A Mysterious Powerful Emotion - Induced by a Song

My wife is all-but homebound (except for medical appointments) because she is on a toxic cocktail of chemotherapy for a rare and awful cancer. I offer this background only to set the stage for what I hope to convey. Because of her condition, our major activity together is watching TV, mainly movies and older TV series. We find little entertainment value and much political toxicity in most recent (say, since 2015 or so) productions. In fact, Netflix productions, like those “produced” (read ‘pay them off’ for their destructive service to the left) by the Obamas, are so uniformly obnoxious that I cancelled it.

Anyway, we are currently watching “The Sopranos”. It is particularly meaningful to me because I was born in Newark and grew up in Elizabeth NJ. Both the geography and culture are highly recognizable to me. My dad, though Jewish (not Italian), had a fair number of friends who would have fit into “The Sopranos” cast. He was able to get me summer jobs through several labor unions via his connections to some of the bosses. Lets leave it at that; I have my suspicions.

So, we’re into season 3 and as episode 8 (“He Is Risen”) starts to close on the credits, in the background but with lyrics clearly audible, comes the single “The Captain” by Kasey Chambers. For reasons I cannot corral - even after considerable thought - I became so tearful that I could not contain myself. I tried to explain to myself and my wife what this is about. I just don’t know. There is something mysteriously evocative and haunting about this track; I think it emanates from the melody, the reed like quality of the singer’s voice, and the lyrics.

As the episode closed and the song was cut short by the TV app (as it always does as episode end and this is annoying if one wants to read the credits or hear the accompanying audio), my wife - unmoved - wanted to continue to the next episode. My acts of (unsuccessfully) choking back tears, persuaded her to let me find a youtube video of the single, listen to it several times, and read the lyrics repeatedly. I have since read numerous analyses of the lyrics, but none really make sense to me. Mainly, they seem to be humble and self-effacing.

I have heard this track previously and always felt moved by it. Though not an aficionado of modern music of any sort (I tuned out in the late 1960’s), I occasionally hear tracks which get to me. There have been a handful over the years, but I can only remember one just now. There have been other tracks by other artists which have touched me, but I can only remember one: “If I Needed you” by Emmylou Harris and Don Williams. As I write, I am wishing I could recall this list of maybe a half dozen tracks and put them in my phone for listening as I drive (mostly this collection is hymns, some of which definitely stir my soul - but that is in a different domain).

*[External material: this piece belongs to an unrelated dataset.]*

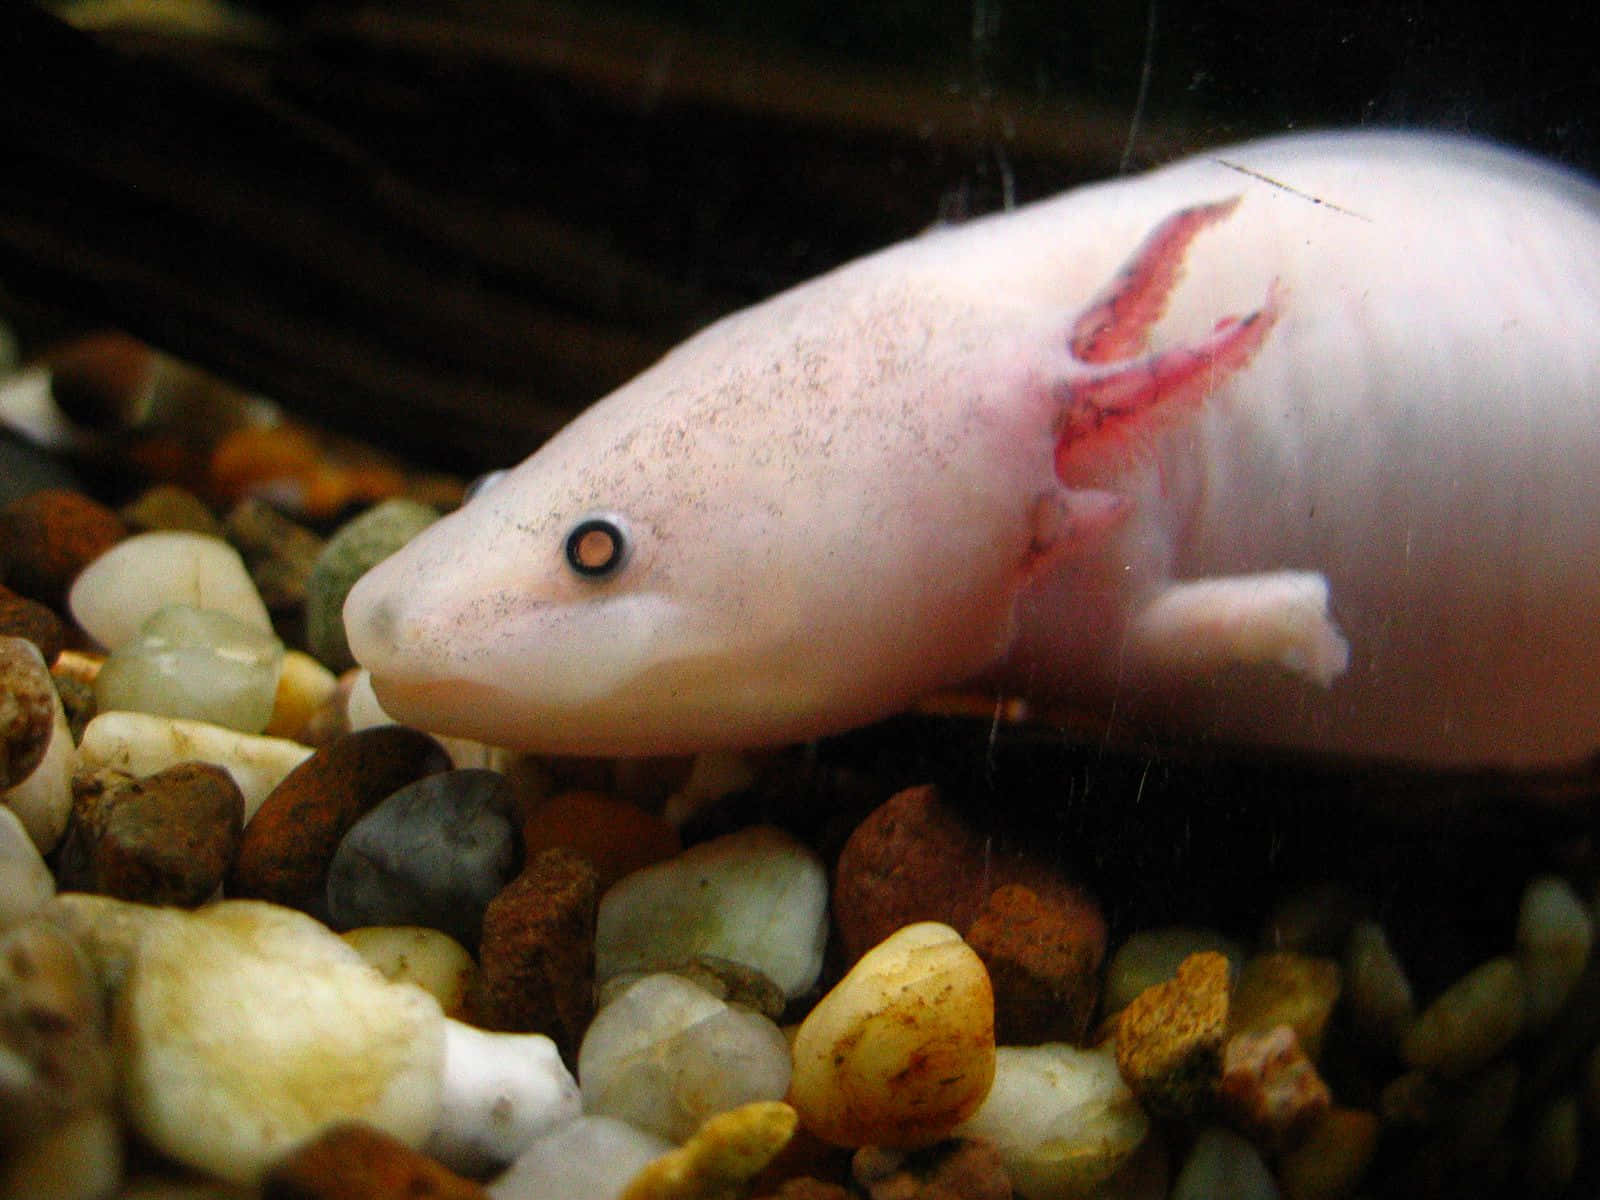 A beautiful axolotl perched on a rock in its natural environment

I am a very introspective person. Since childhood, I have had the need to understand myself, intellectually and emotionally. I endeavor to understand the context of my emotions, thoughts and actions as well. The image which comes to mind is that of looking through a zoom lens. My mental process often consists of going back & forth between a “zoomed in” and “zoomed out” perspective of my self and events surrounding me. I both take pleasure in those feelings which transport me - like this one - and fear them at the same time, lest they carry me away out of control. I am deeply ambivalent, yet this feeling makes me feel intensely ALIVE.

My response to this song, as best I can tell, resembles what is called a “grief reaction”, a profound sense of loss. I first identified this and analyzed it with the help of a therapist. Of course, we discussed many aspects of my childhood, especially unmet emotional needs. Back then, I was reading a book by a psychologist named John Bradshaw. I forget the name of the book, but in it he said an infant needs a “loving, mirroring face”.

I reacted to those words (and numerous other life situations which brought to mind that same loss) with this same intense feeling - of grief, of loss. I somehow sensed I never experienced this expression of maternal love, so essential to an infant’s sense of value (and development of his sense of self-worth). The lack of this essential expression of maternal love - at a stroke - explained my overwhelming need for the love of girls beginning in grammar school and extending well into my adult life. The feeling was one of intense incompleteness, an emptiness in me which could only be filled by the adoration of this one!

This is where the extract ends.